_What this task involves_
Please output exactly the lines below, starting at the line that has "A Las Vegas Bowl live event" and ending at the line that has "Quartier de Tarhile, dans", both included; leave out all pictures and include nothing else.

_Supplied data_
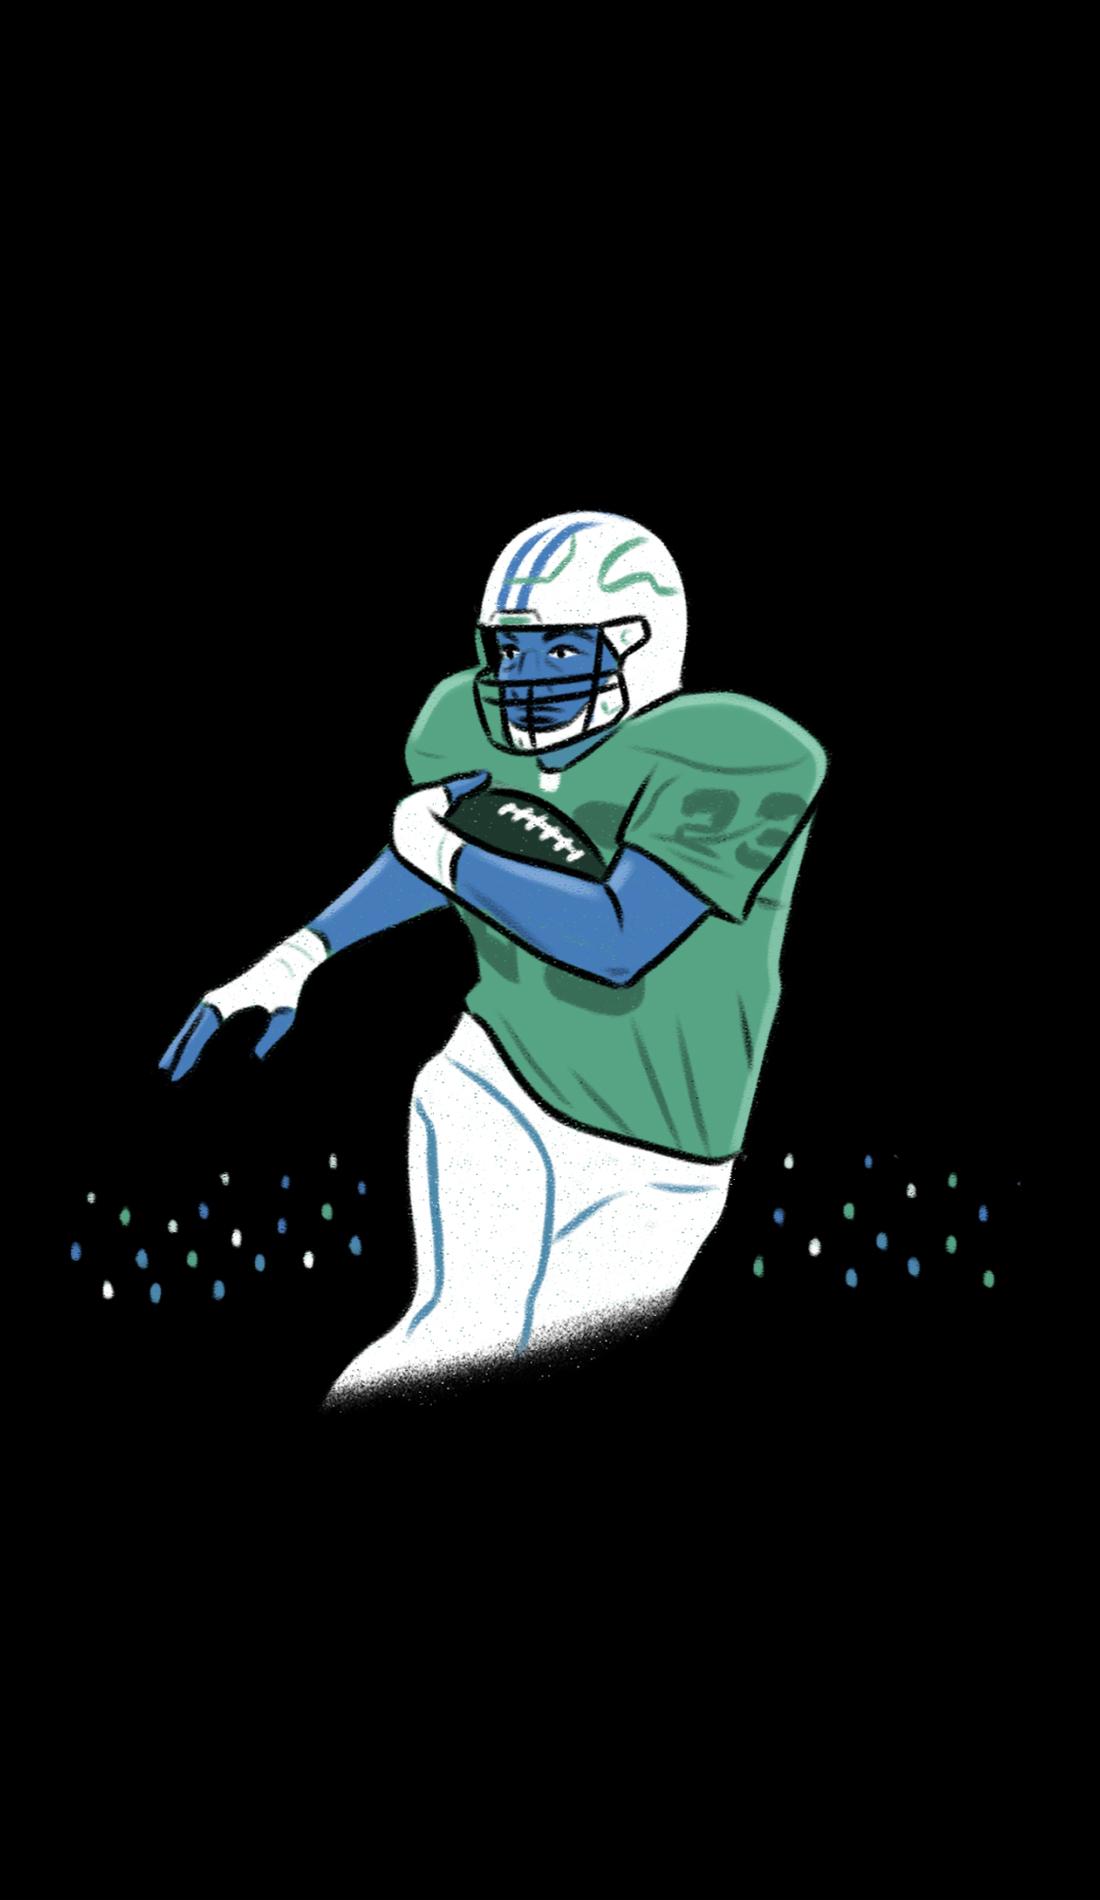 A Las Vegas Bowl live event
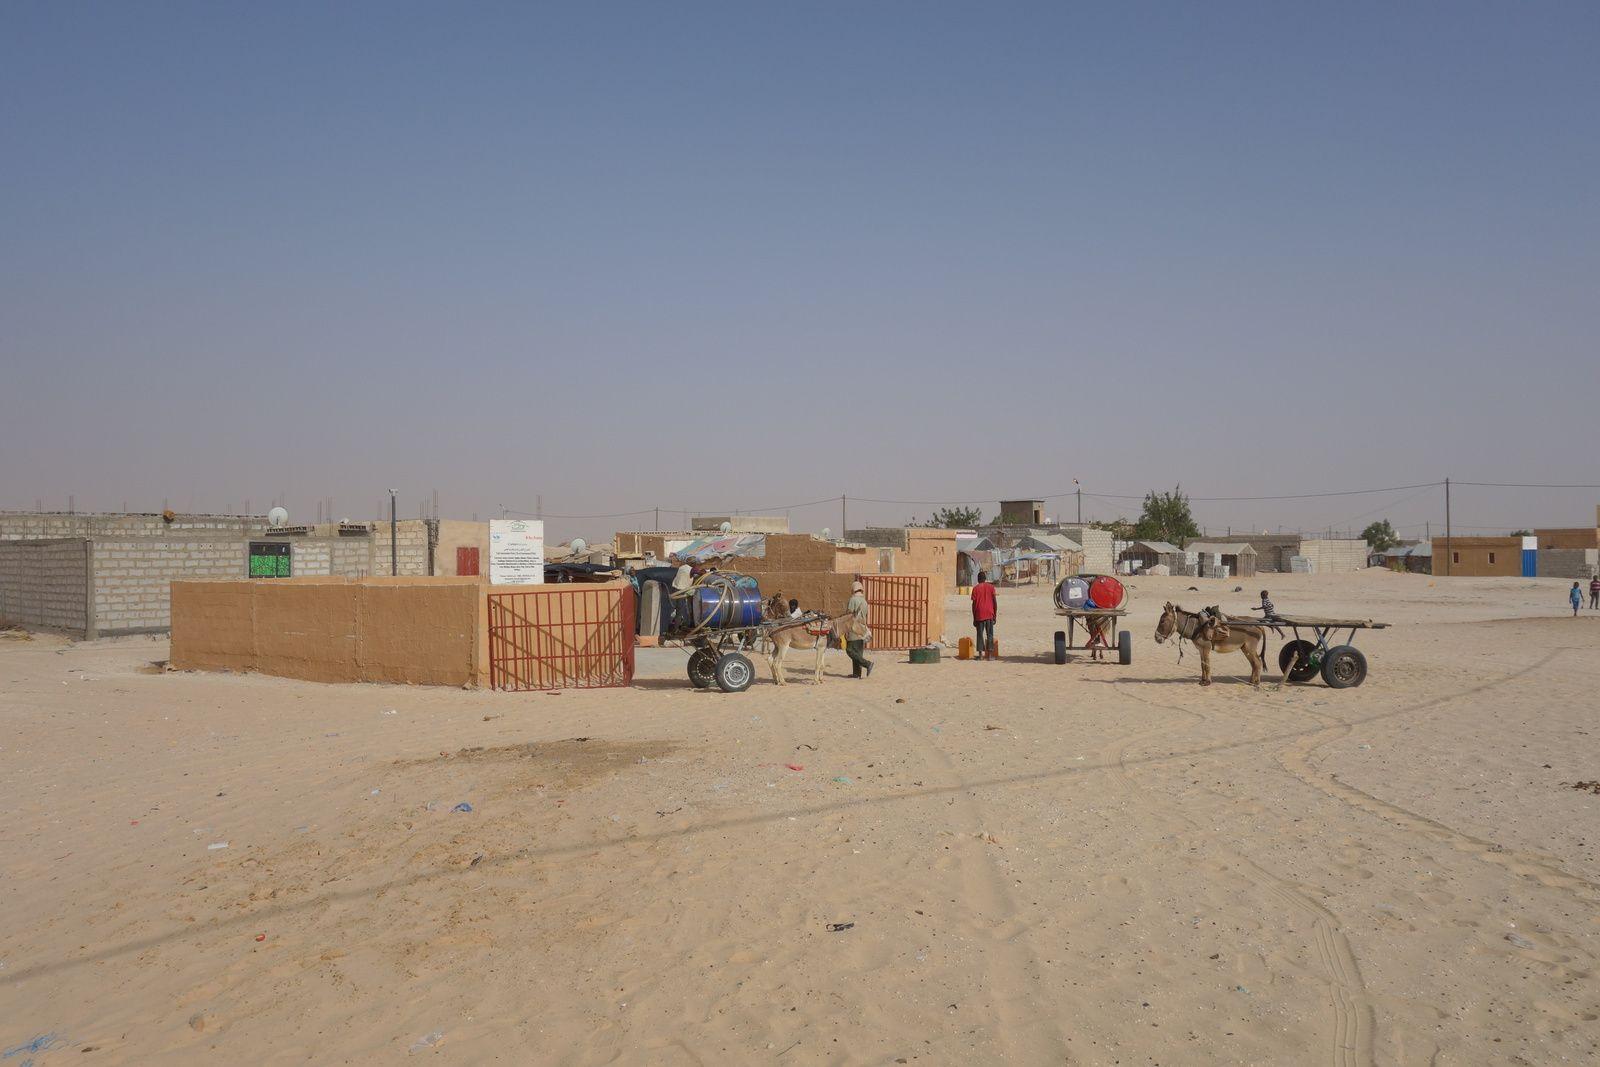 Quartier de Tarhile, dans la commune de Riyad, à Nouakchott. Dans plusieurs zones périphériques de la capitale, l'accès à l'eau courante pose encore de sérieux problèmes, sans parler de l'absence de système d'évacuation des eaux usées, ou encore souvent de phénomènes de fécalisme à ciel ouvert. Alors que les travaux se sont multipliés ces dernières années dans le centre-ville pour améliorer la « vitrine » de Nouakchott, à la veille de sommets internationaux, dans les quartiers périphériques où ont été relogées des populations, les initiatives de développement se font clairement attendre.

--

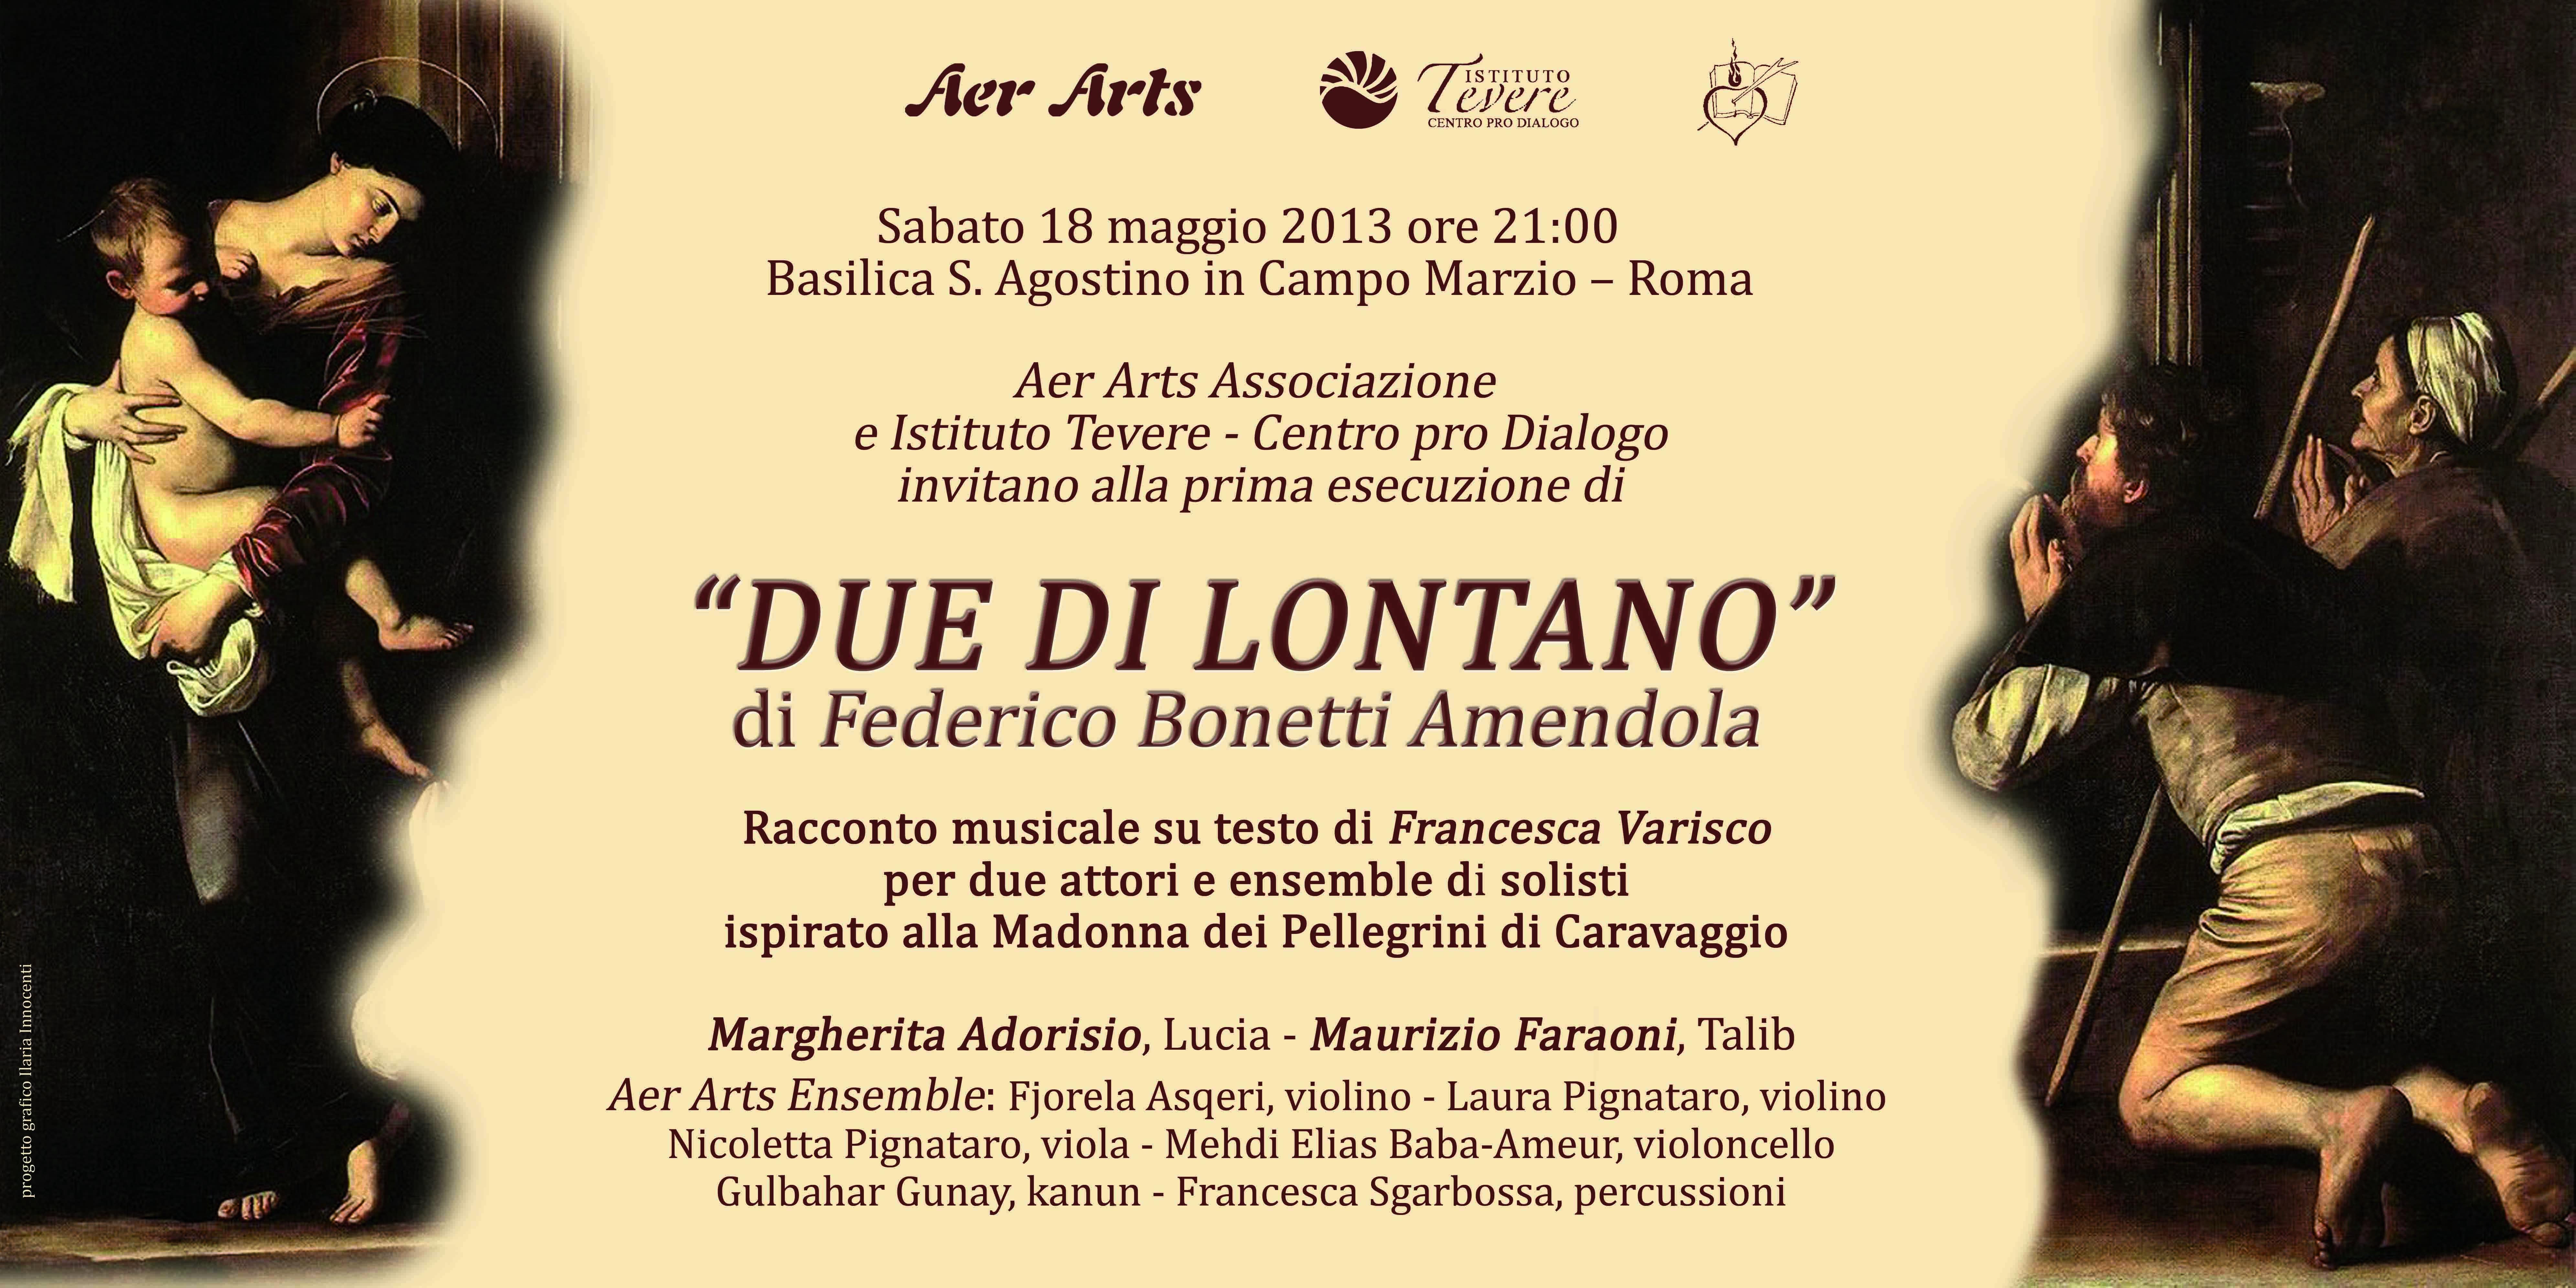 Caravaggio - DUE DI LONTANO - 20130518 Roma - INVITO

* * *

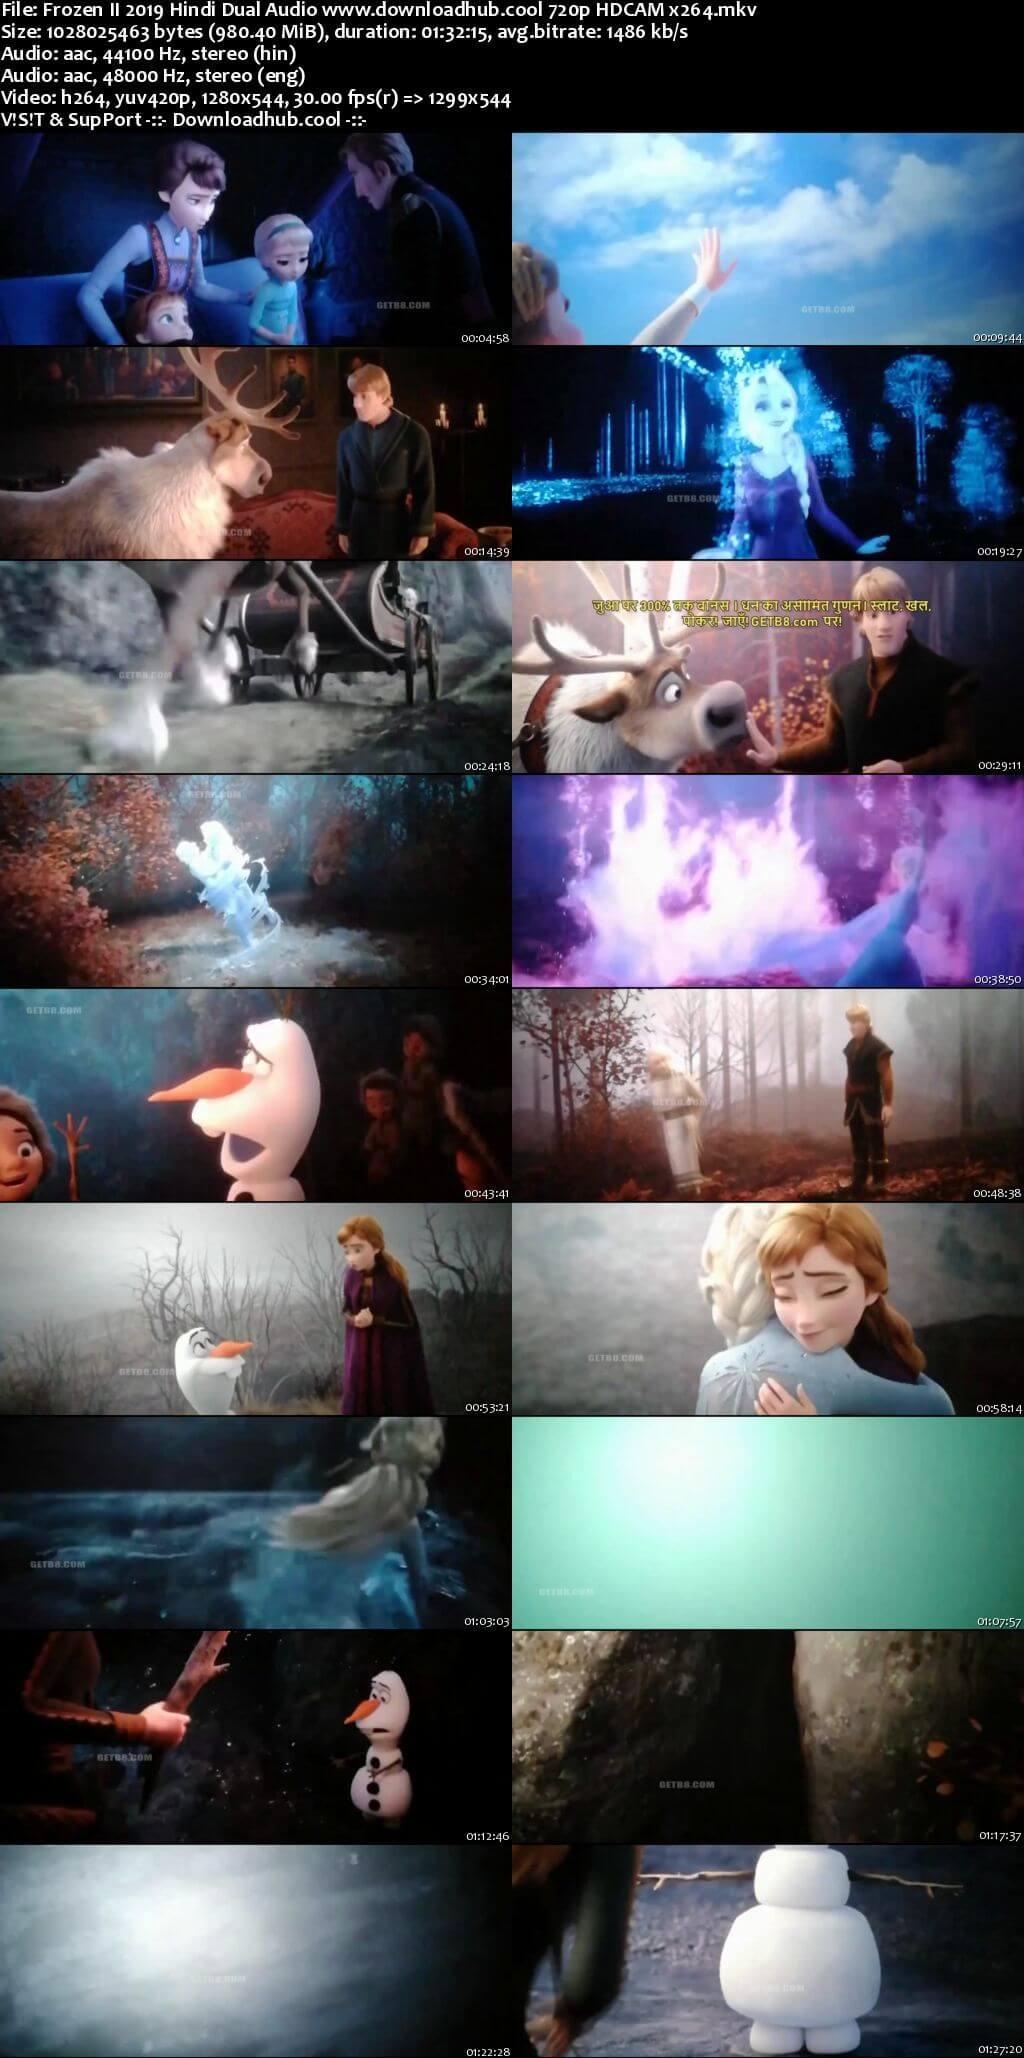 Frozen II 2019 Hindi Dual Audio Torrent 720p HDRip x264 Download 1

_Answer box_
 A Las Vegas Bowl live event
 Quartier de Tarhile, dans la commune de Riyad, à Nouakchott. Dans plusieurs zones périphériques de la capitale, l'accès à l'eau courante pose encore de sérieux problèmes, sans parler de l'absence de système d'évacuation des eaux usées, ou encore souvent de phénomènes de fécalisme à ciel ouvert. Alors que les travaux se sont multipliés ces dernières années dans le centre-ville pour améliorer la « vitrine » de Nouakchott, à la veille de sommets internationaux, dans les quartiers périphériques où ont été relogées des populations, les initiatives de développement se font clairement attendre.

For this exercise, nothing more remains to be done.